____ Stored data
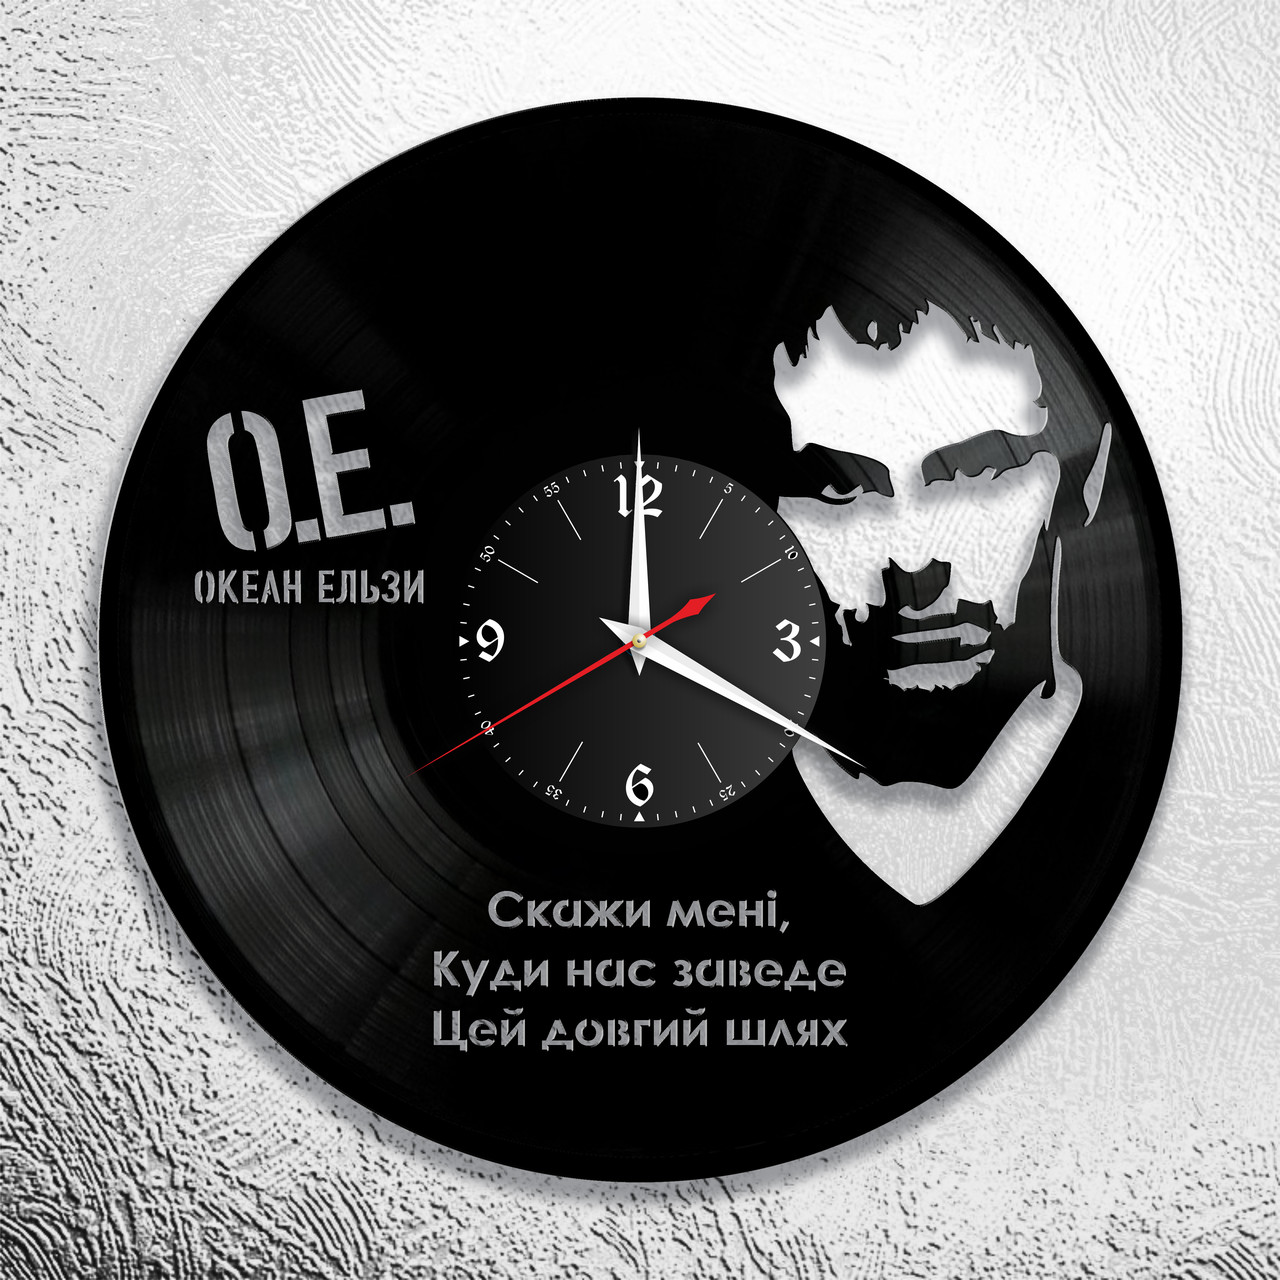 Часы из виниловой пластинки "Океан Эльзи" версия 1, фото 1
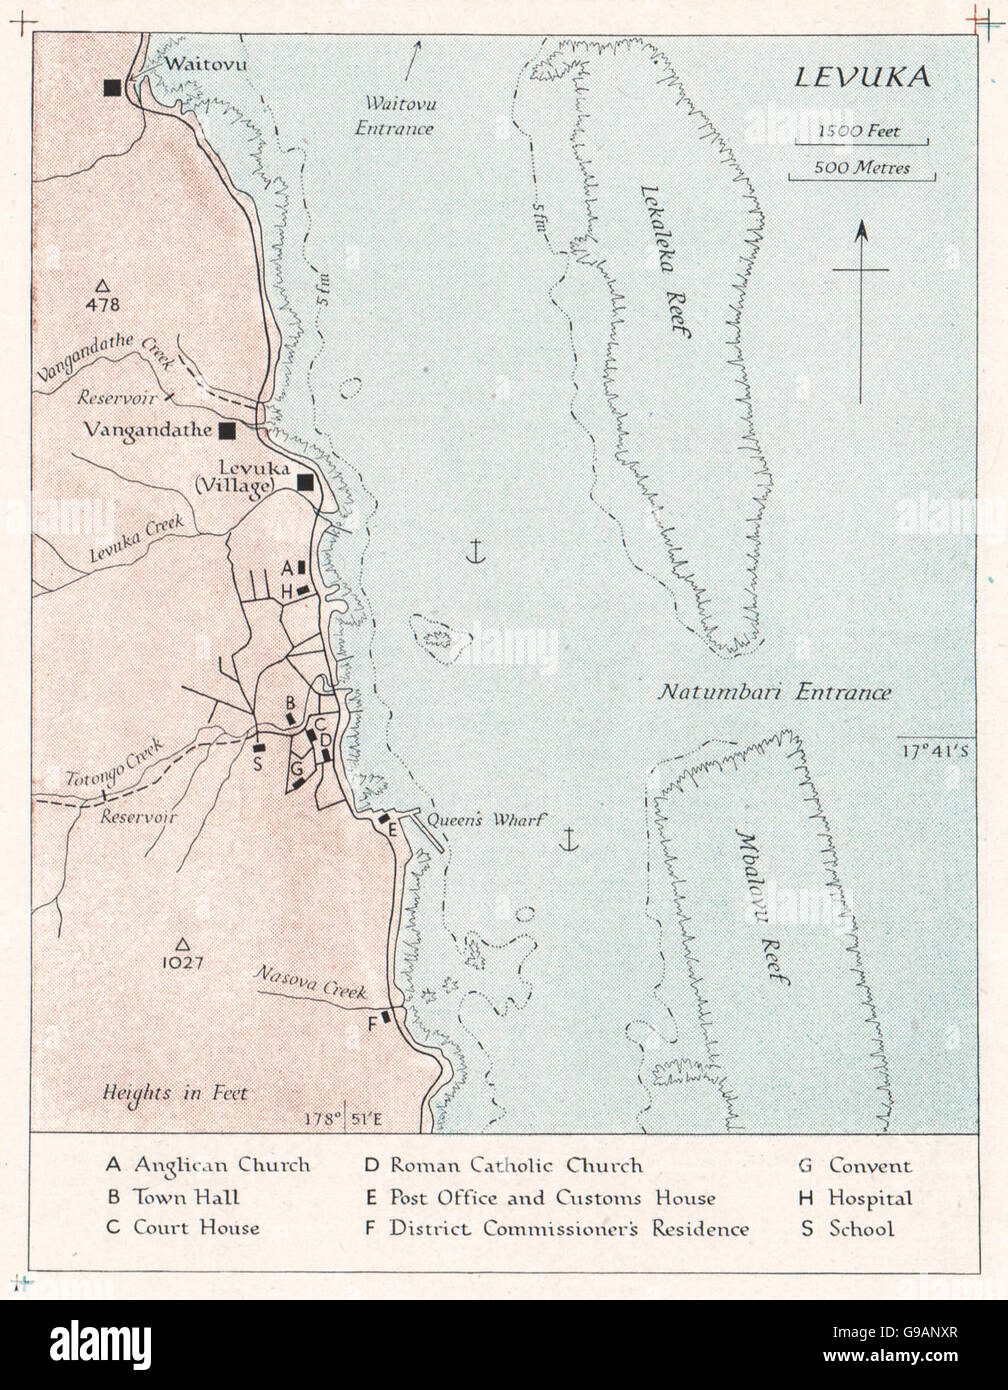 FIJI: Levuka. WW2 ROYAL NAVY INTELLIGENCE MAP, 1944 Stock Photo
________
____ Stored data
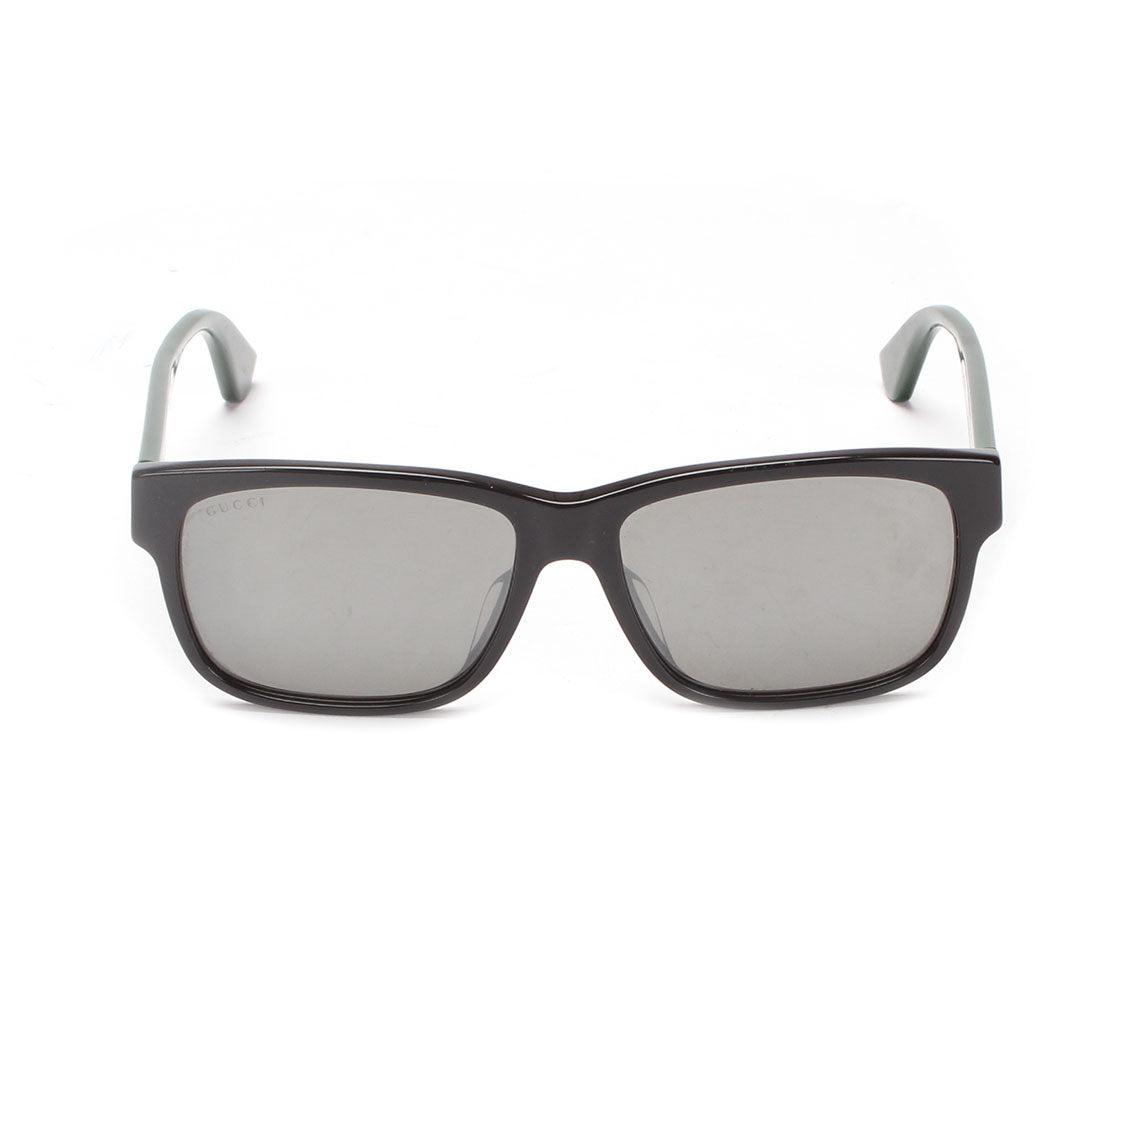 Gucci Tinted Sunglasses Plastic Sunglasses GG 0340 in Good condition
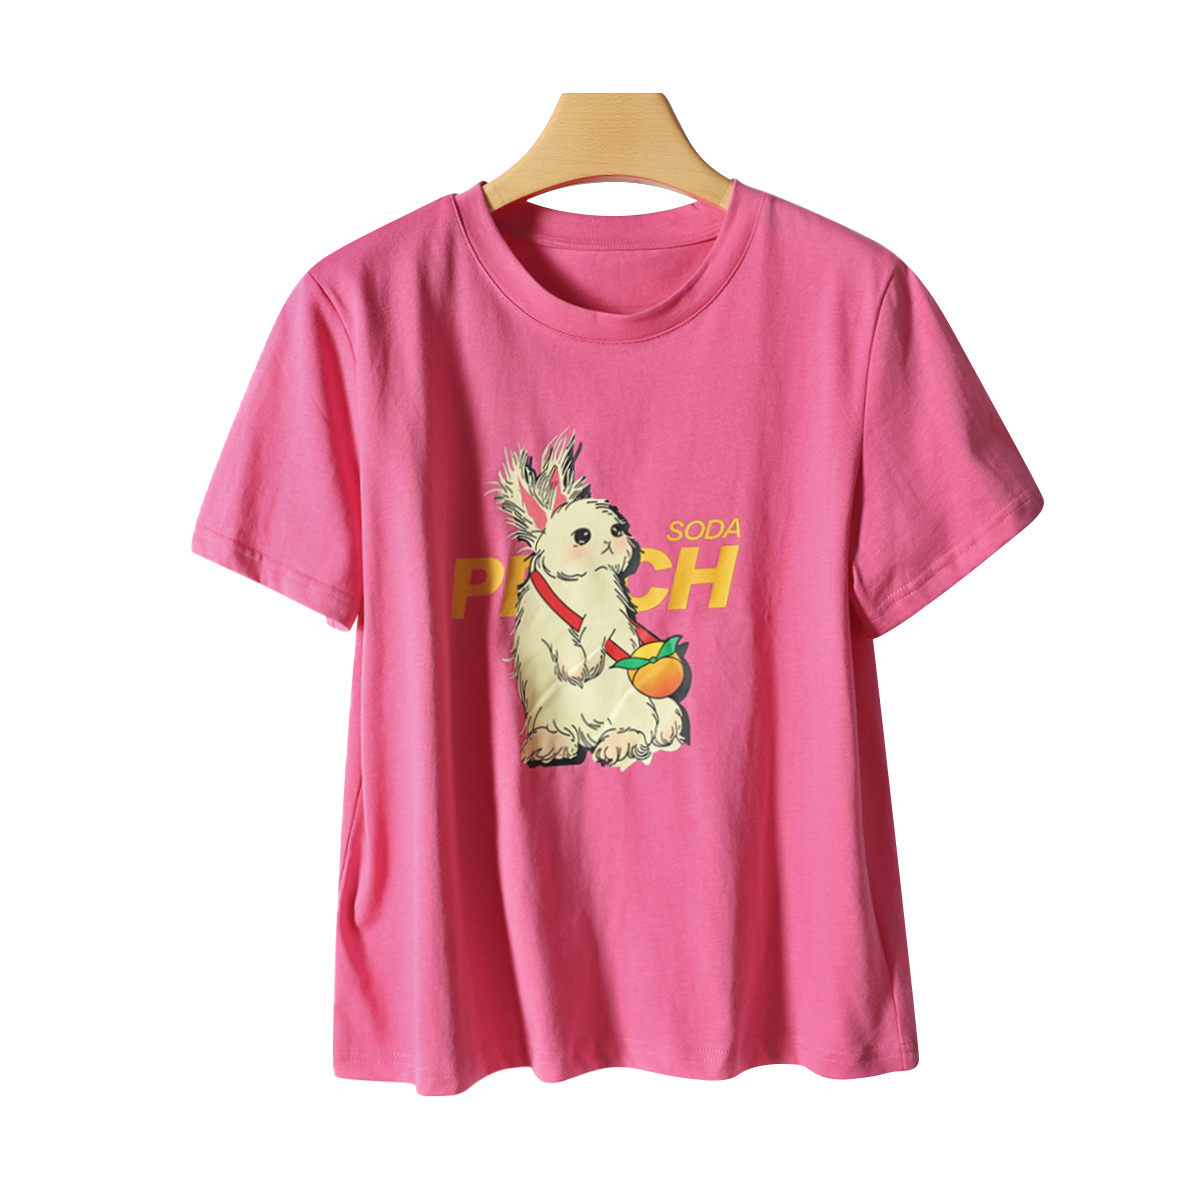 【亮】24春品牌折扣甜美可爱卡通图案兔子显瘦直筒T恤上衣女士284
________
____ Stored data
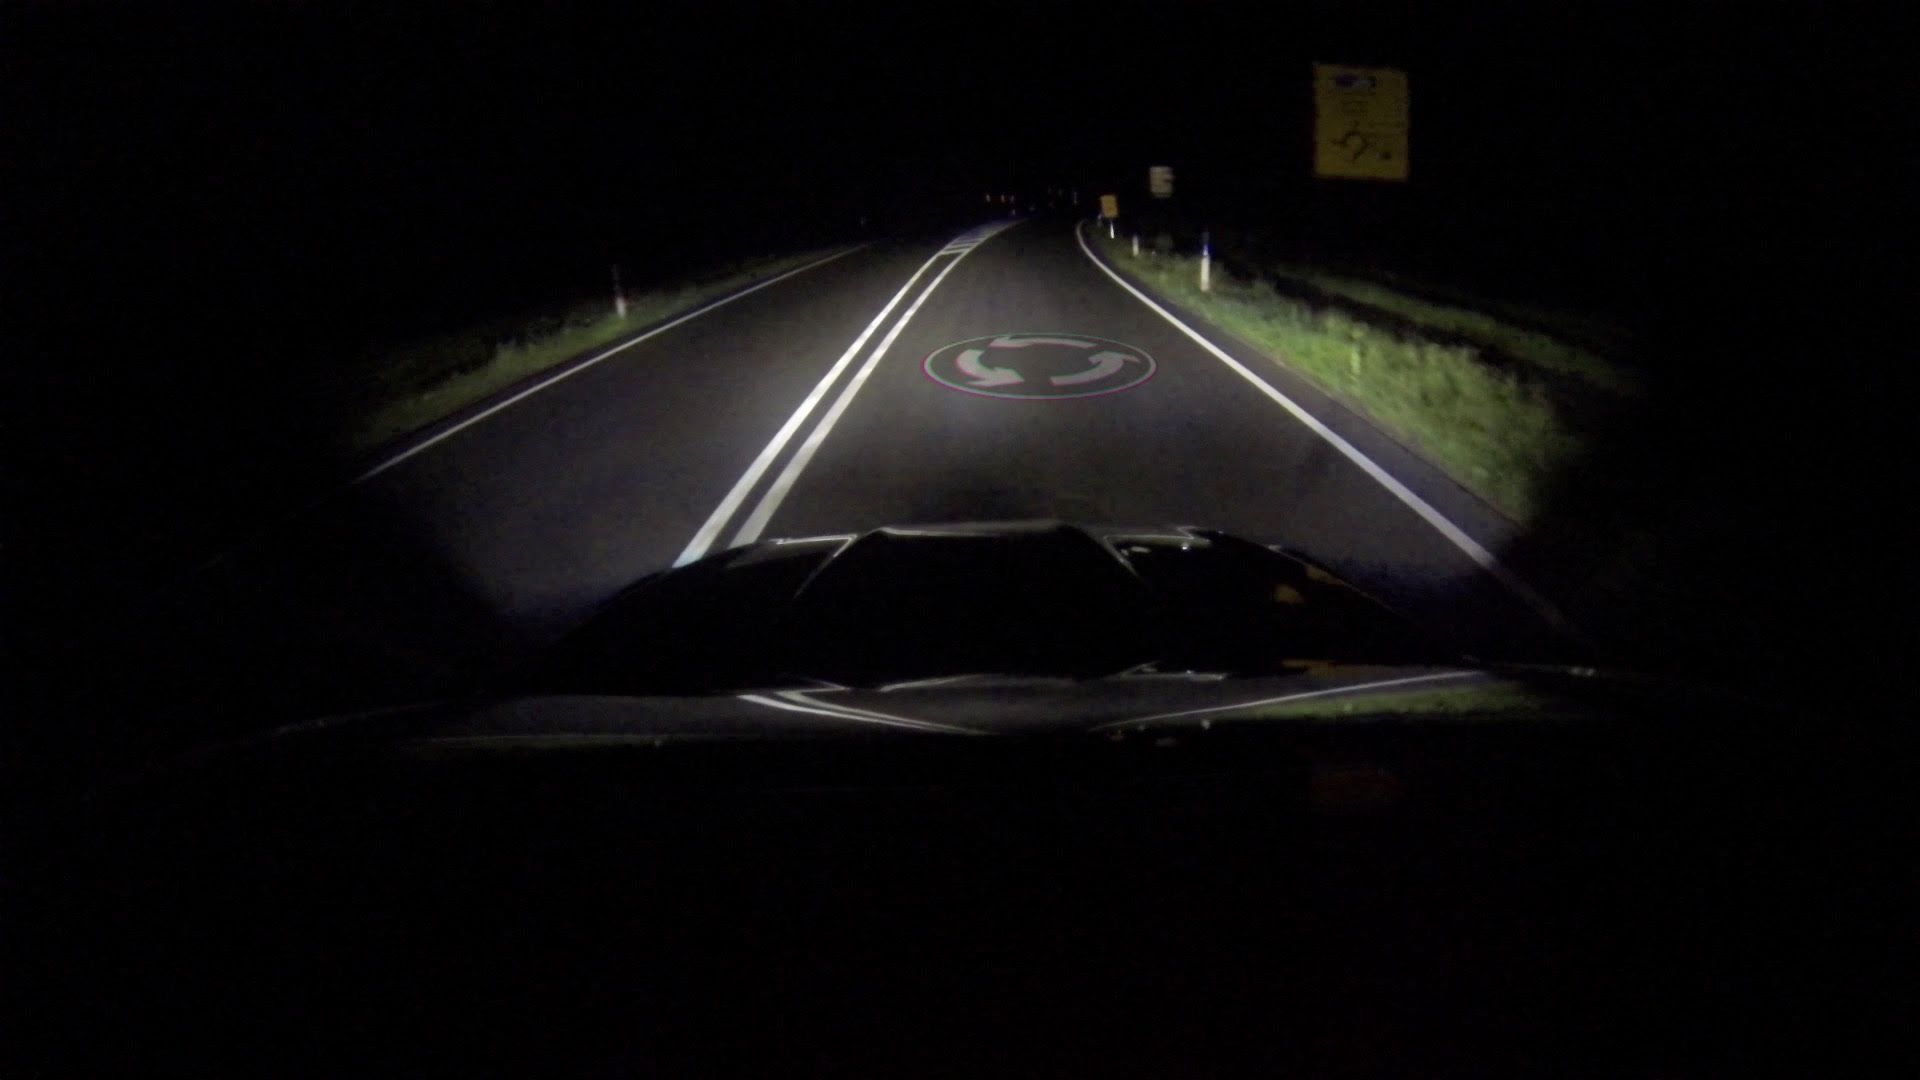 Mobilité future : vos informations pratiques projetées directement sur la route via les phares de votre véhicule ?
________
• [Exercise goal]: In the listing above, find the line with "Часы из виниловой" and the line with "FIJI: Levuka. WW2". Set down exactly those lines and everything between them, skipping pictures.

• [Answer to this exercise]:
 Часы из виниловой пластинки "Океан Эльзи" версия 1, фото 1
 FIJI: Levuka. WW2 ROYAL NAVY INTELLIGENCE MAP, 1944 Stock Photo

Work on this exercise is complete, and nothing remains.